The Bell Tower built between the 17th-18th centuries; it is separated from the church to rise in the main square. Similar to that also the tiglio, the tree symbol of the village, rises on the main square. It dates back to the end of 16th century.

== Cuisine ==
The typical foods of Fragneto area include: hand made pasta (cavatelli, fusilli), ewe's milk cheese, wines and oil all of controlled origin. However most products that enrich the gastronomy in this area can be related to an artistic and qualitative craftsmanship: from "zeppole" and "struffoli" to the vaste range of charcuterie, capocollo, soppressate, sausages, beefs and pork.

Traditional craft techniques of wicker, wood and wrought iron, pottery and lace are still used to create Fragneto handicrafts.

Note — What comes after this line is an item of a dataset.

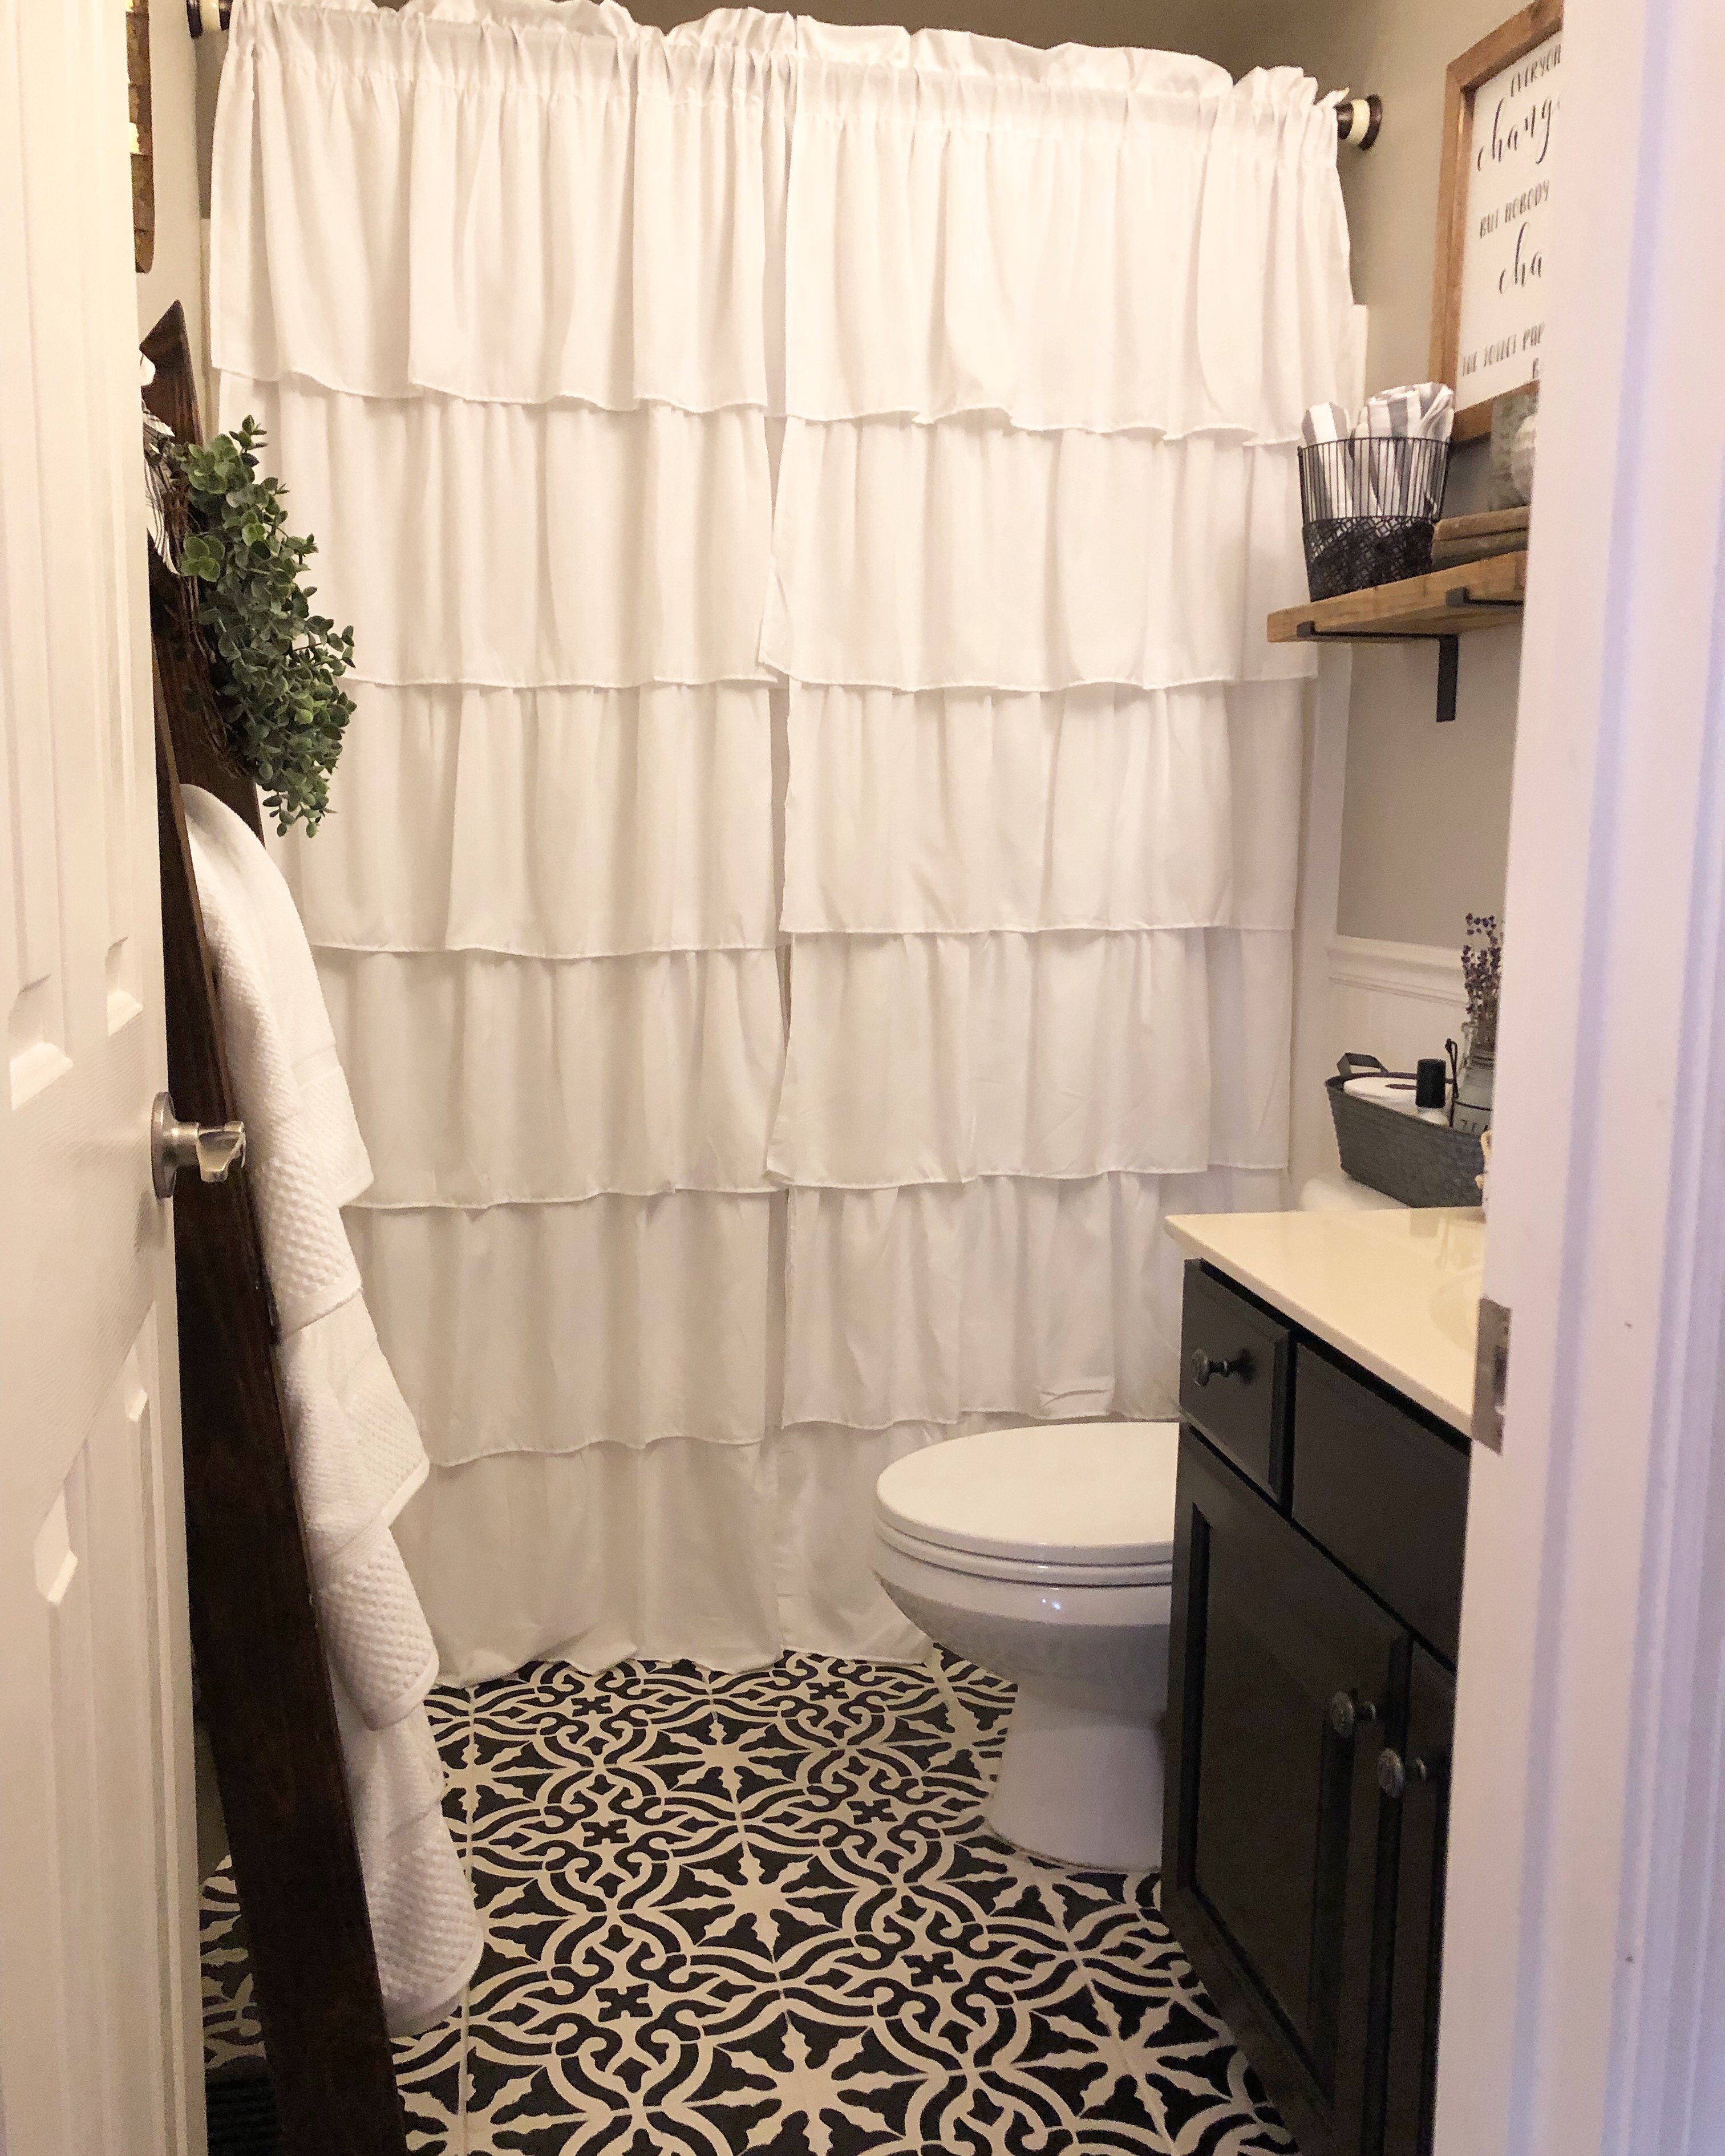 Budget Bathroom Makeover Reveal! The $100 Room Challenge is complete!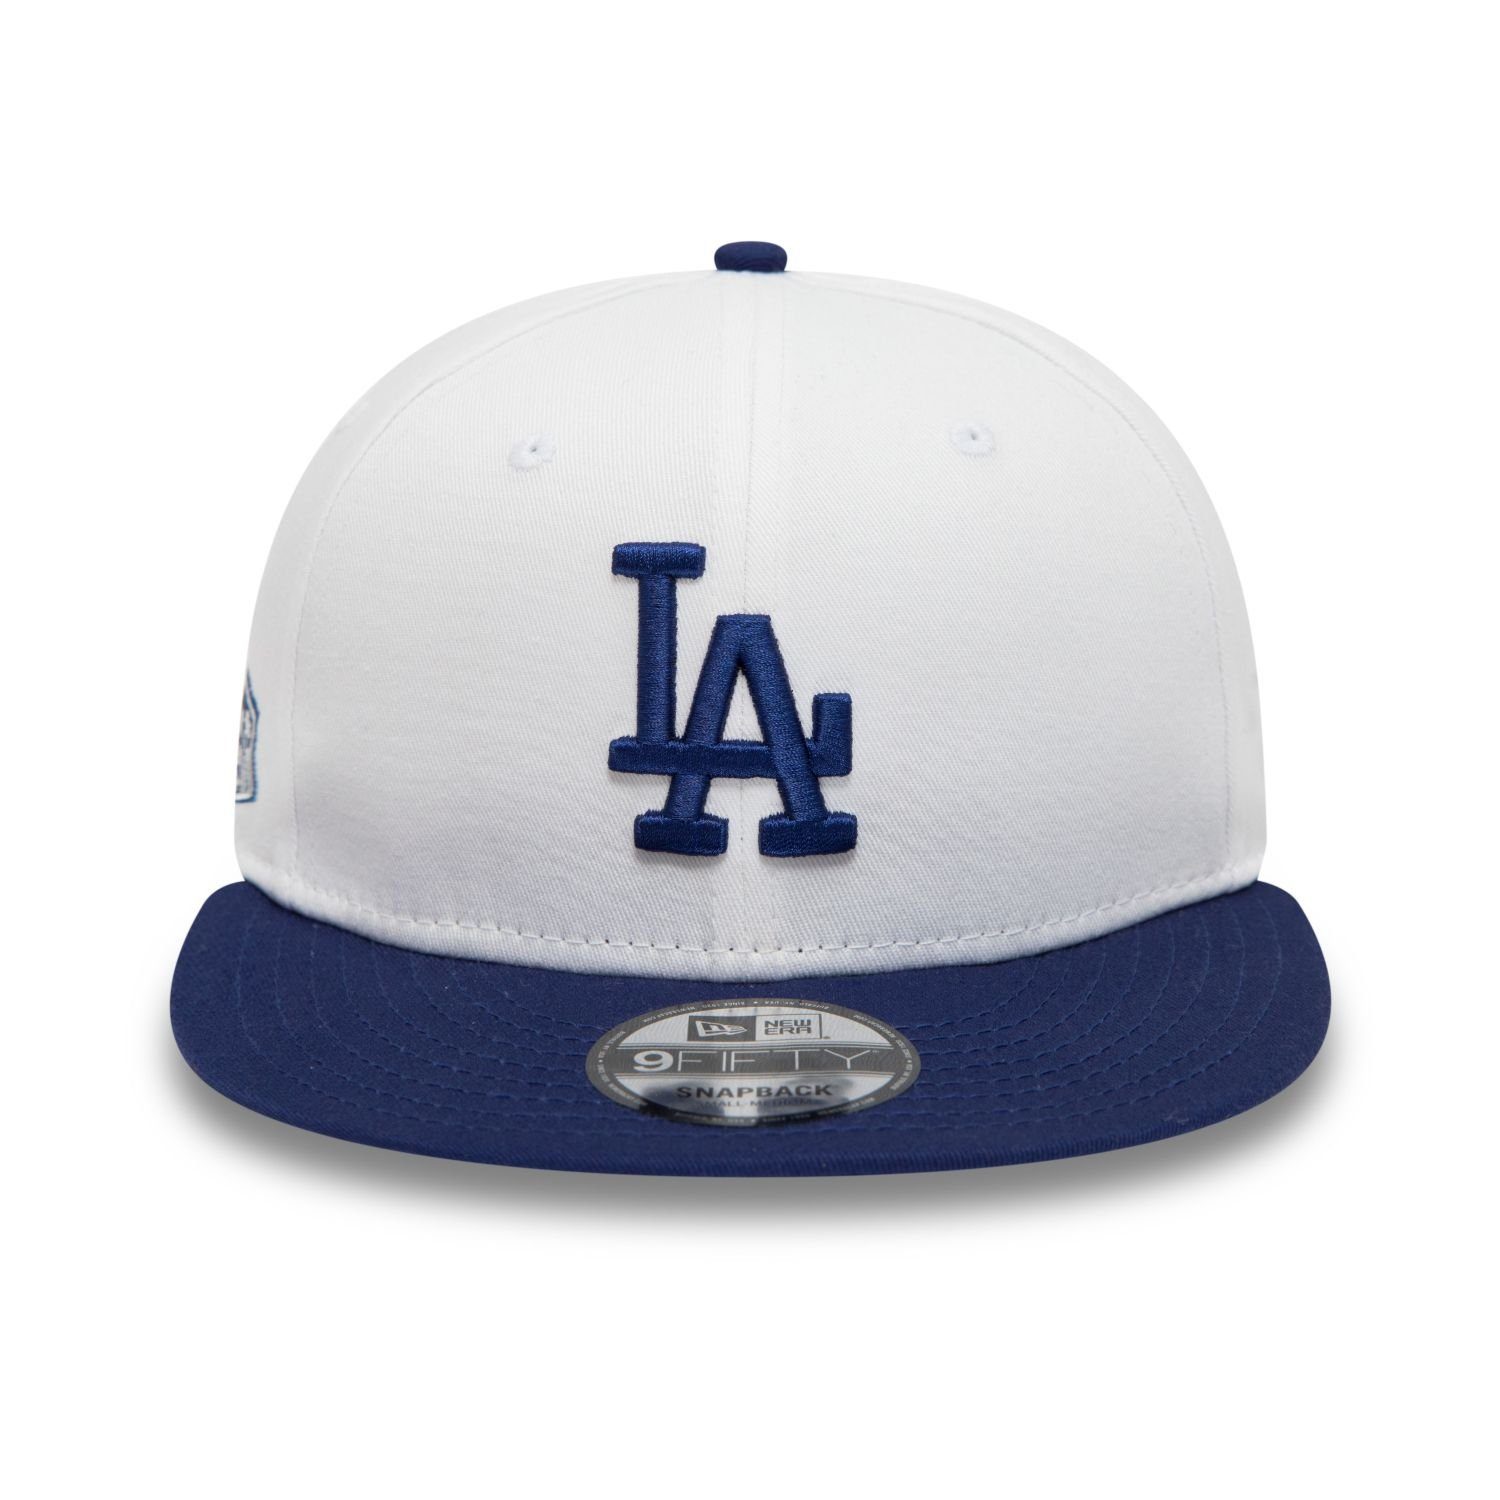 Dodgers Los Era Angeles 9Fifty Cap Snapback New PATCH SIDE

== Hot air balloon festival ==
The Hot air balloon festival takes place in October. It began more than 20 years ago and it is promoted by the administration and "Pro- Loco". Both Italian and foreign crews take part, and the meeting is not only a sporting event, but also an important cultural meeting, due to the presence of famous representatives of the arts and culture. Its main aim is to promote the exploitation of Fragneto's and Samnium's agricultural, cultural and handicraft resources, to allow the knowledge and peace among different races and cultures.

During the festival, in the town there are a lot of exhibitions and expositions of folklore, music, art, local handicrafts, typical products and cultural meetings.